Could you restate word for word every line from the one containing "In Wien waren" to the end of the data below, pictures excluded?

The data

+-------+

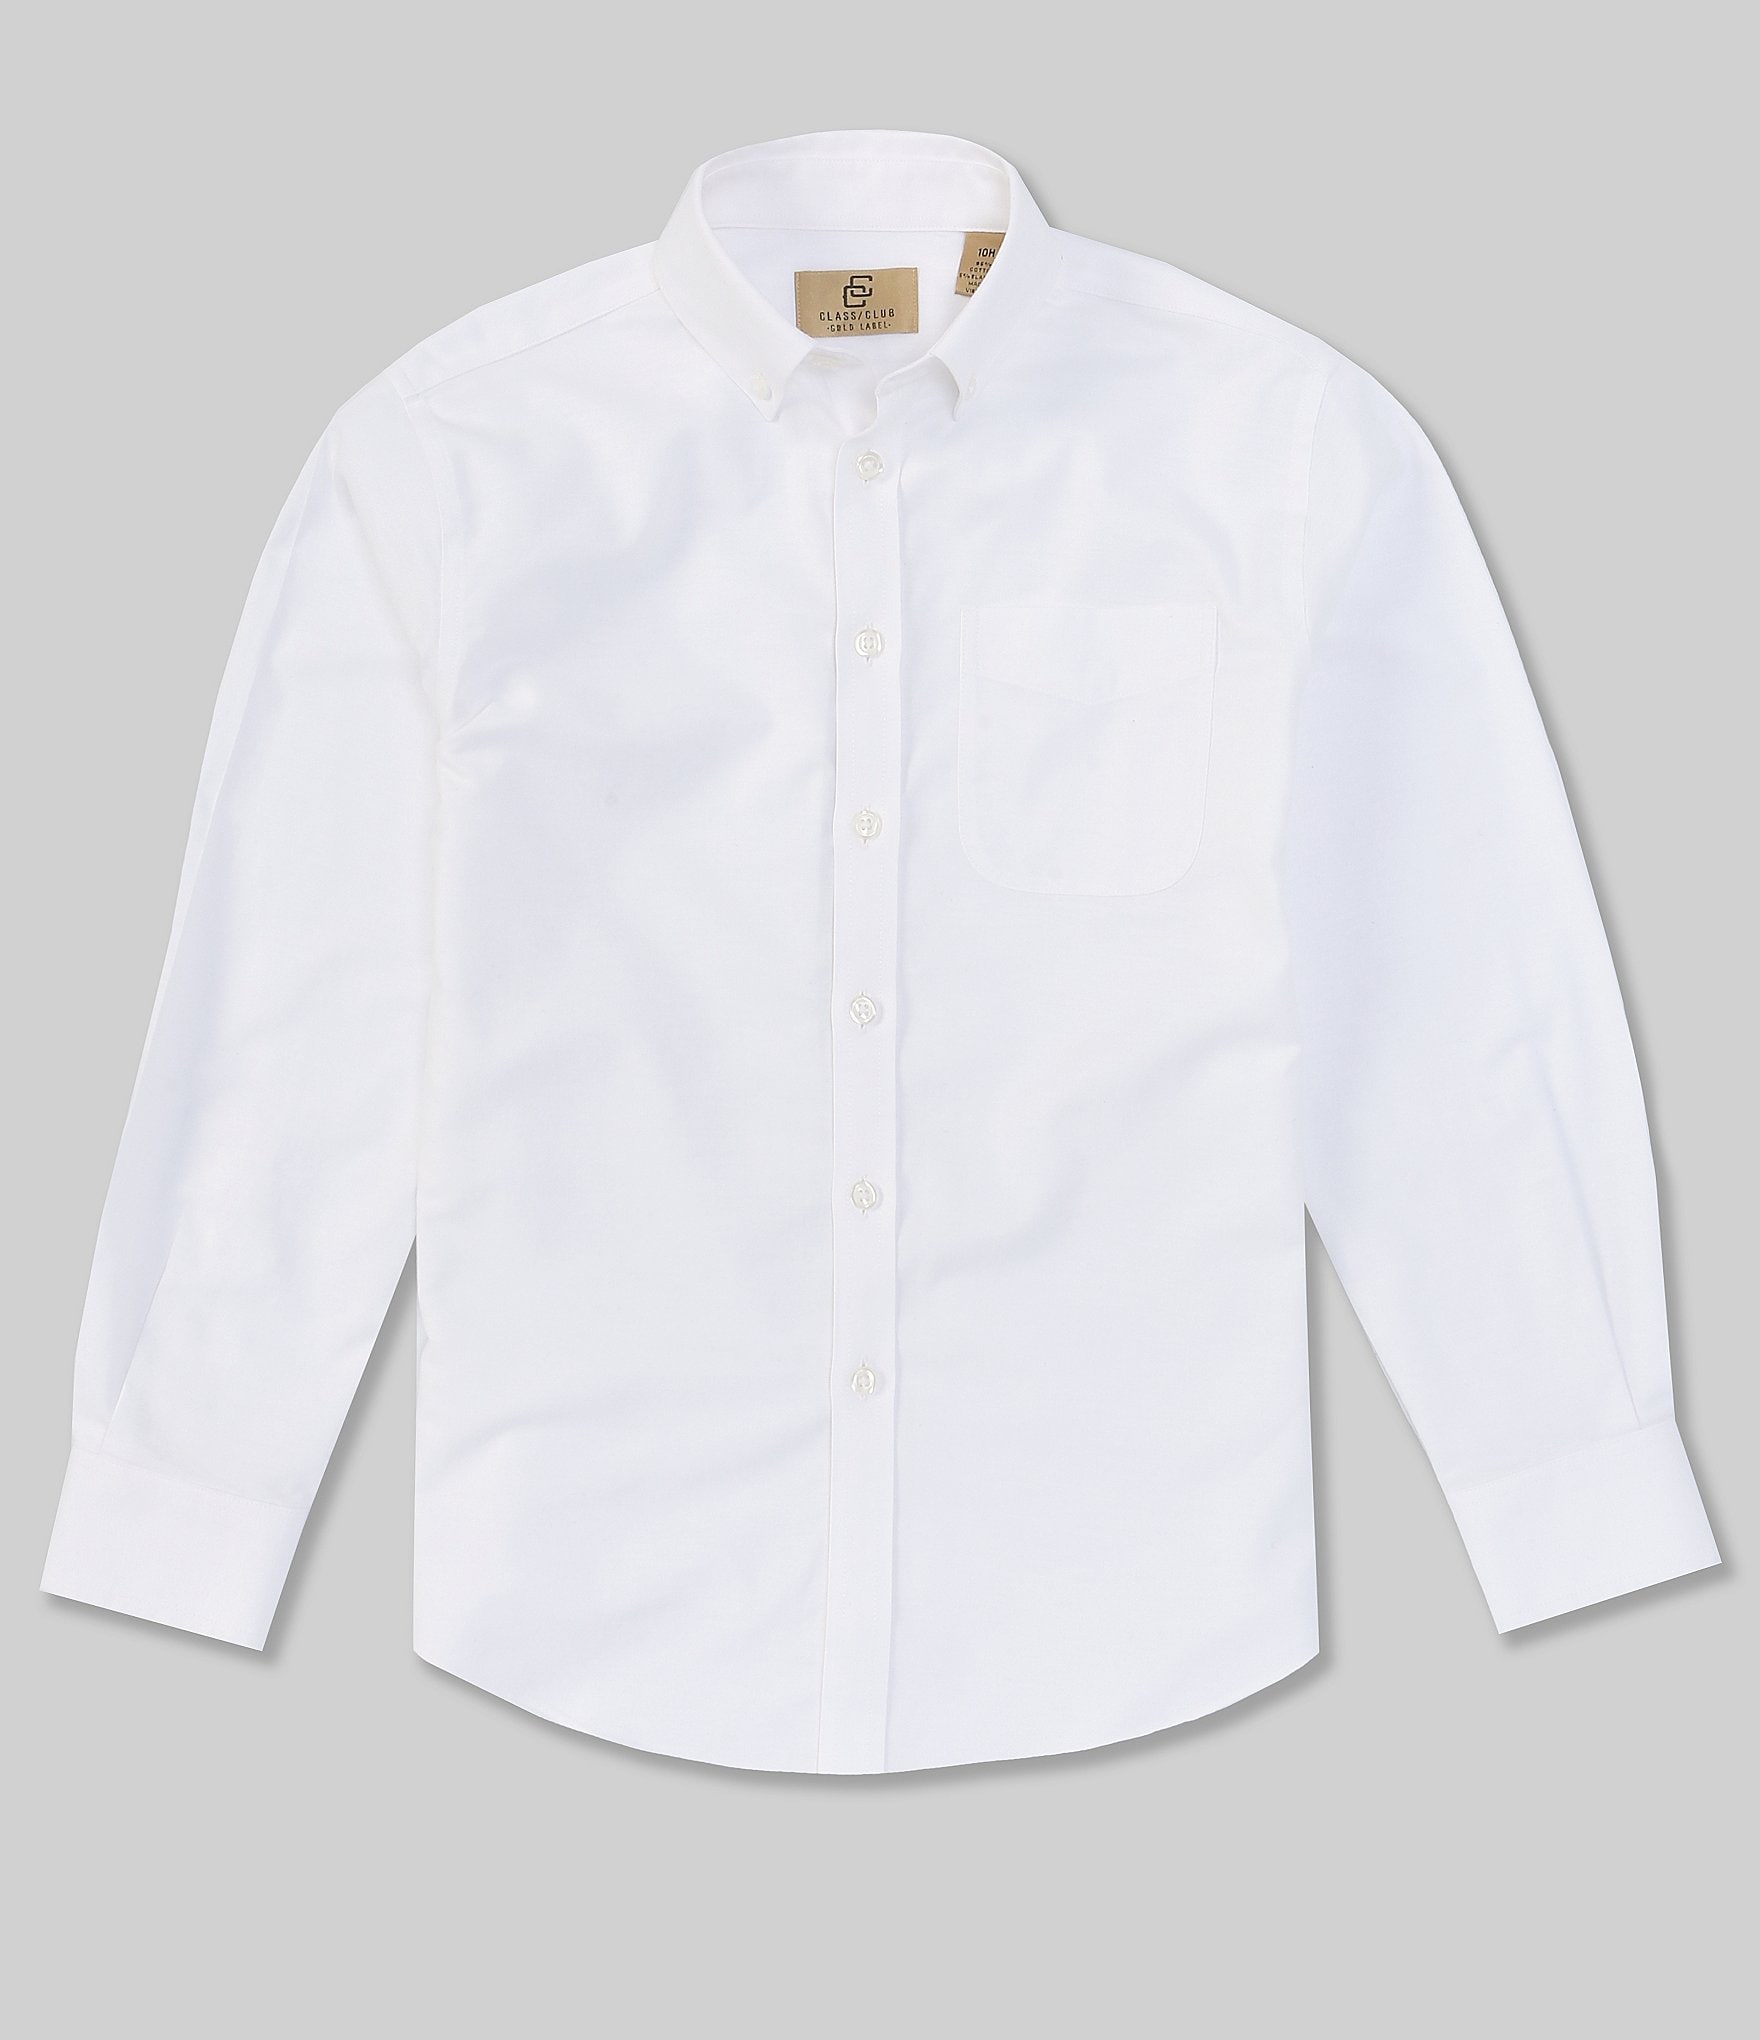 dillards white dress shirts
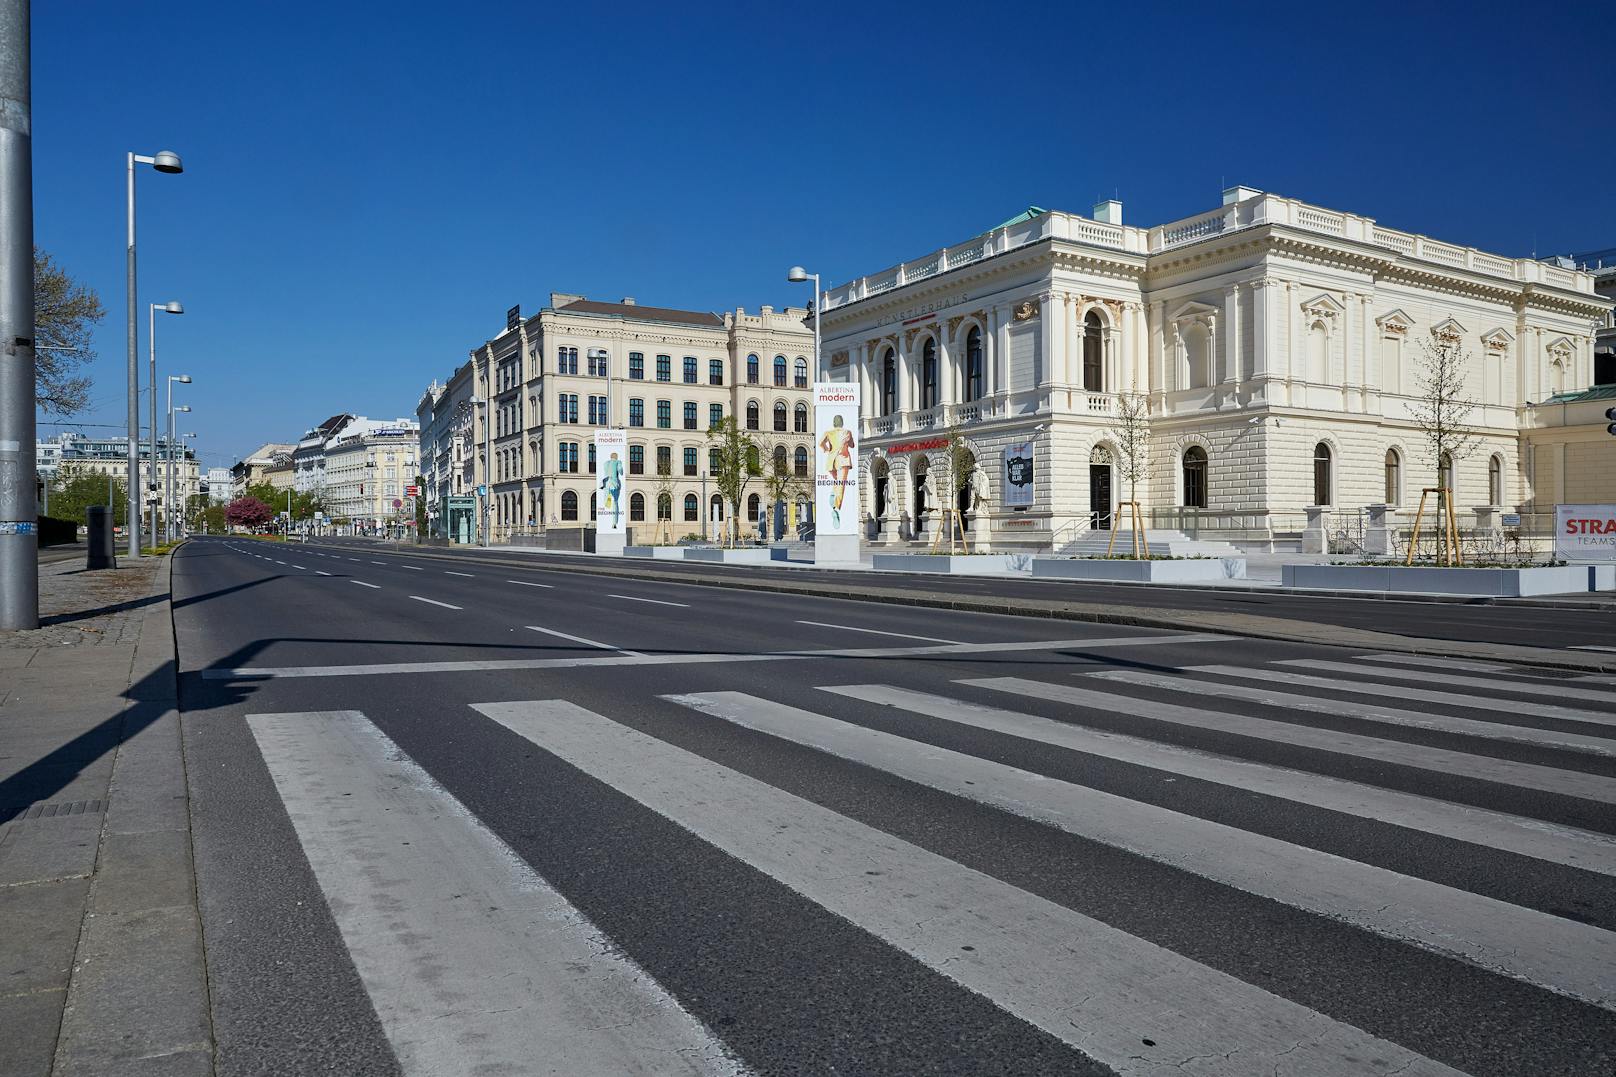 In Wien waren die Straßen im April menschenleer.
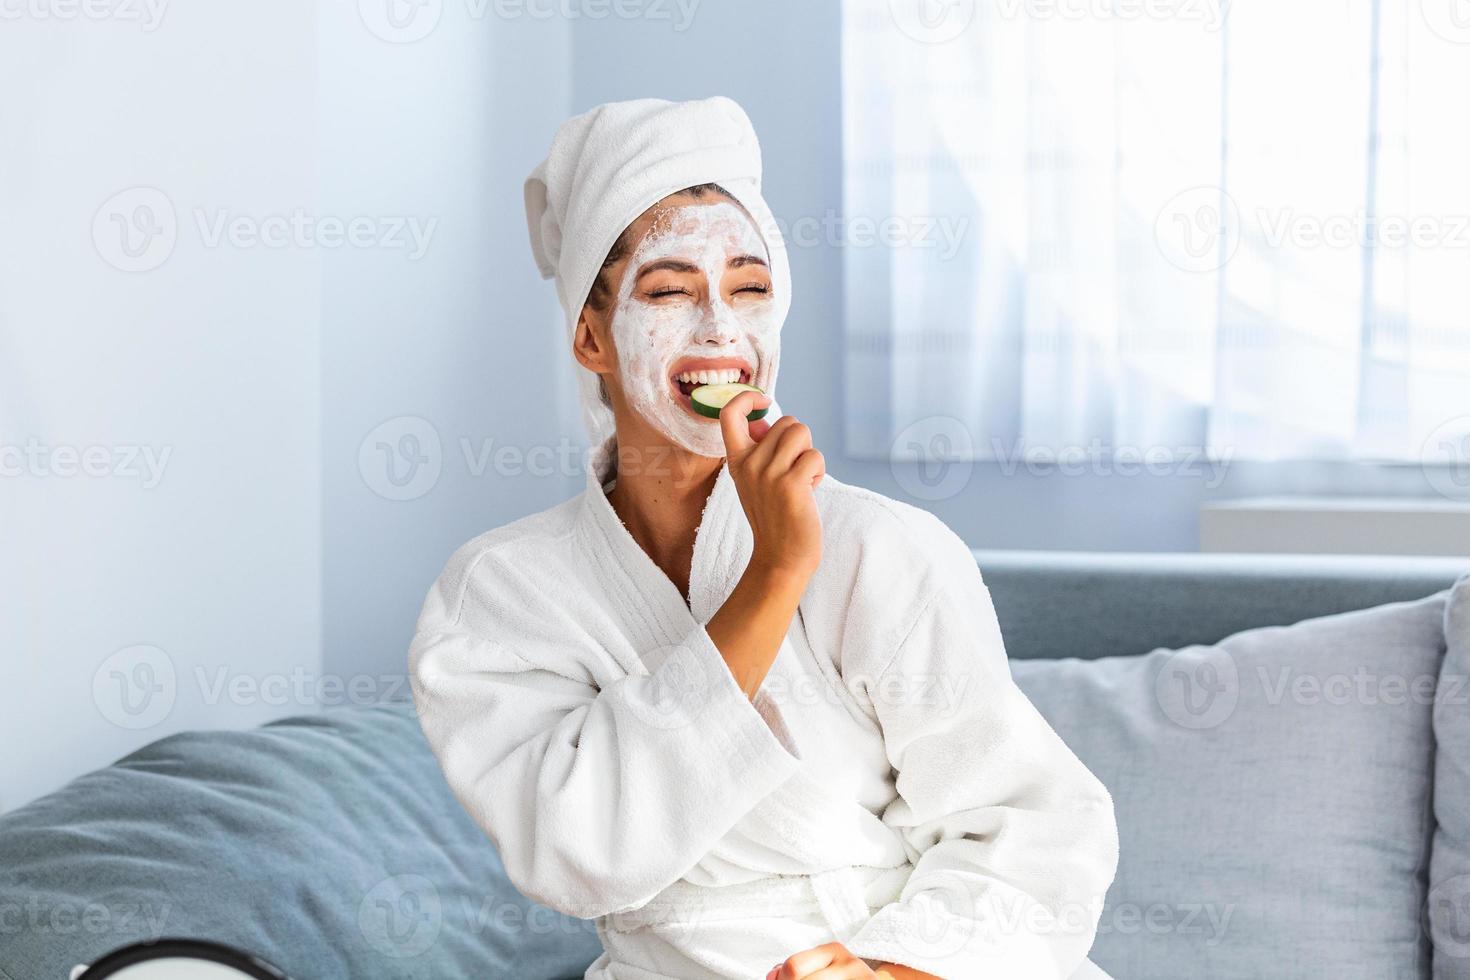 Schöne junge Frau mit Gesichtsmaske auf ihrem Gesicht, die frische Gurkenscheiben hält. hautpflege und behandlung, spa, natürliche schönheit und kosmetikkonzept foto

+-------+

Answer area
 In Wien waren die Straßen im April menschenleer.
 Schöne junge Frau mit Gesichtsmaske auf ihrem Gesicht, die frische Gurkenscheiben hält. hautpflege und behandlung, spa, natürliche schönheit und kosmetikkonzept foto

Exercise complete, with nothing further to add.